In Utah, Obama's use of executive power to protect the land drew condemnation from some Republicans
Congress could pass measures restricting or altering the designations
President Barack Obama moved Wednesday to preserve wide swaths of land in the American West, including a controversial designation making the Bears Ears area in Utah a national monument, pitting him against the state’s Republican governor and congressional delegation.
Obama said in a statement that the 1.35-million-acre Bears Ears monument, so called for its distinctive pair of buttes, would “protect some of the country’s most significant natural, cultural and archaeological resources, including important ancestral grounds for numerous tribes.”
A second national monument in Nevada, Gold Butte, preserves 300,000 acres on the outskirts of Las Vegas.
“Today’s actions will help protect this cultural legacy and will ensure that future generations are able to enjoy and appreciate these scenic and historic landscapes,” Obama said.
In Utah, the prospect of Obama using his executive power to protect the land drew condemnation from some Republicans and lands-rights activists, who have argued that cutting the land off from development could be economically damaging to the state.
“The midnight move is a slap in the face to the people of Utah, attempting to silencing the voices of those who will bear the heavy burden it imposes,” said Rep. Jason Chaffetz, a Republican from Utah.

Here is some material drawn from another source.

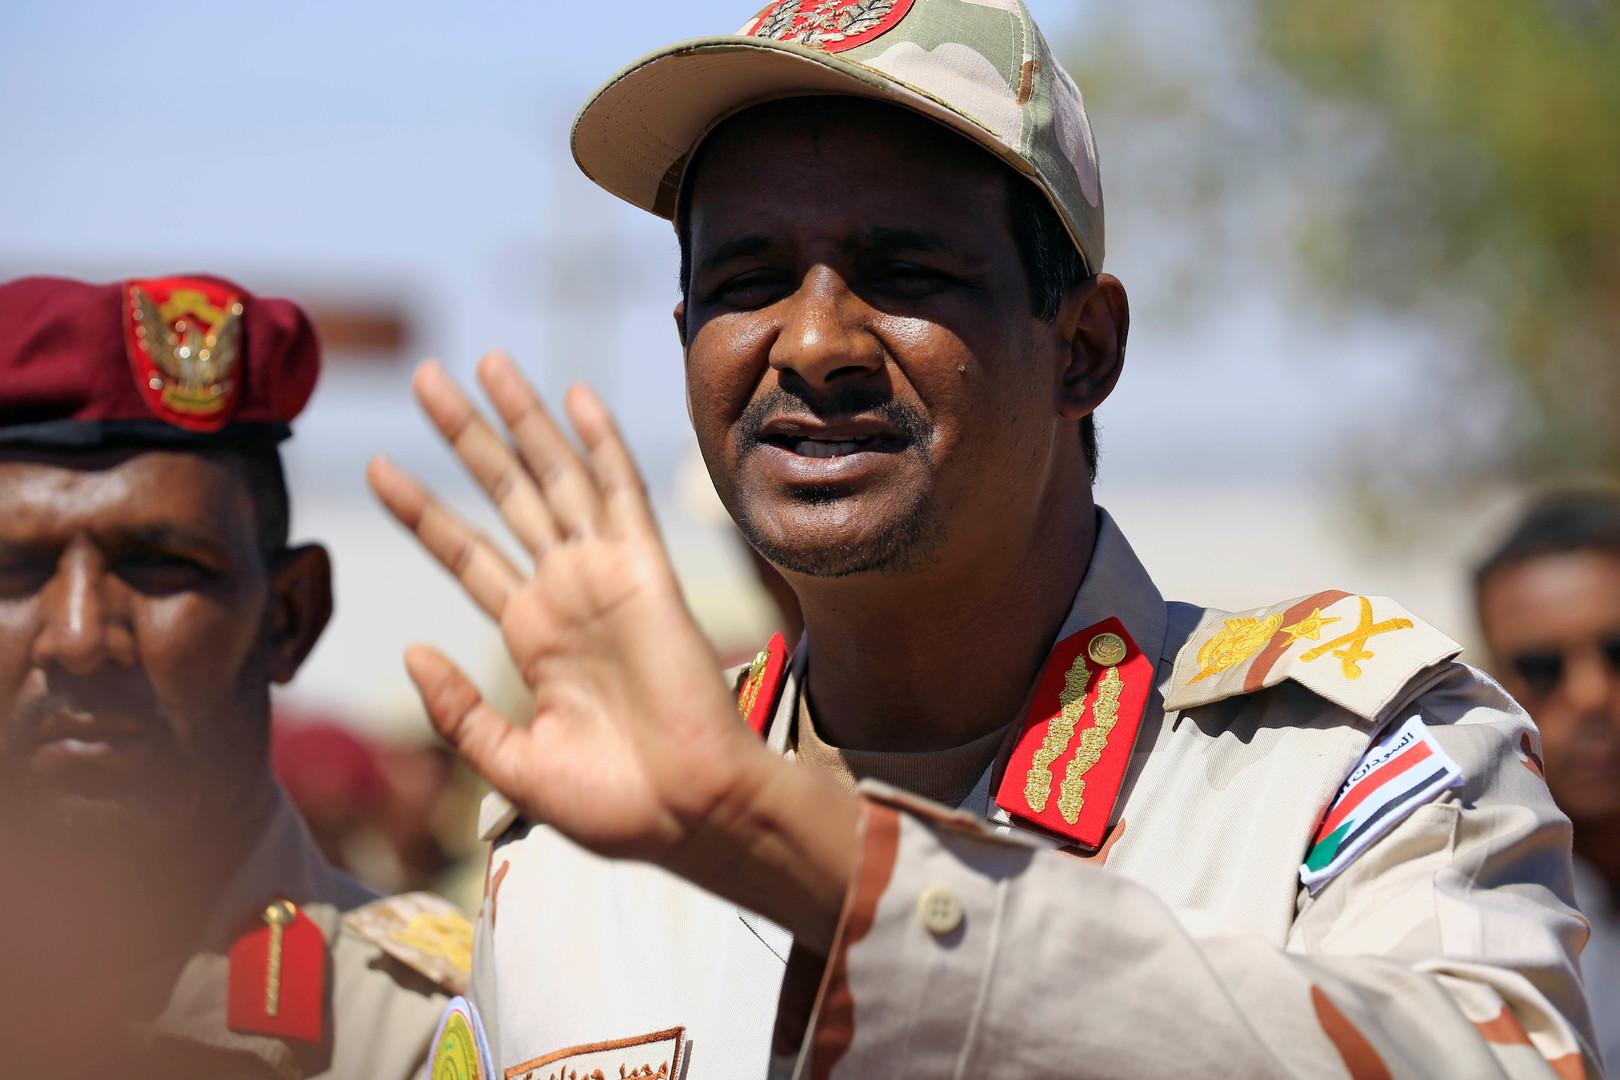 المجلس العسكري السوداني: سنشكل حكومة تكنوقراط بأقصى سرعة

He said Republicans “look forward to working with President-elect Trump to follow through on his commitment to repeal midnight regulations. We will work to repeal this top-down decision and replace it with one that garners local support and creates a balanced, win-win solution.”
The White House, however, said Wednesday that the mechanism Obama was using to designate the new monuments, the Antiquities Act of 1906, doesn’t provide a way to reverse a previous president’s actions.
They acknowledged, however, that Congress could pass measures restricting or altering the designations.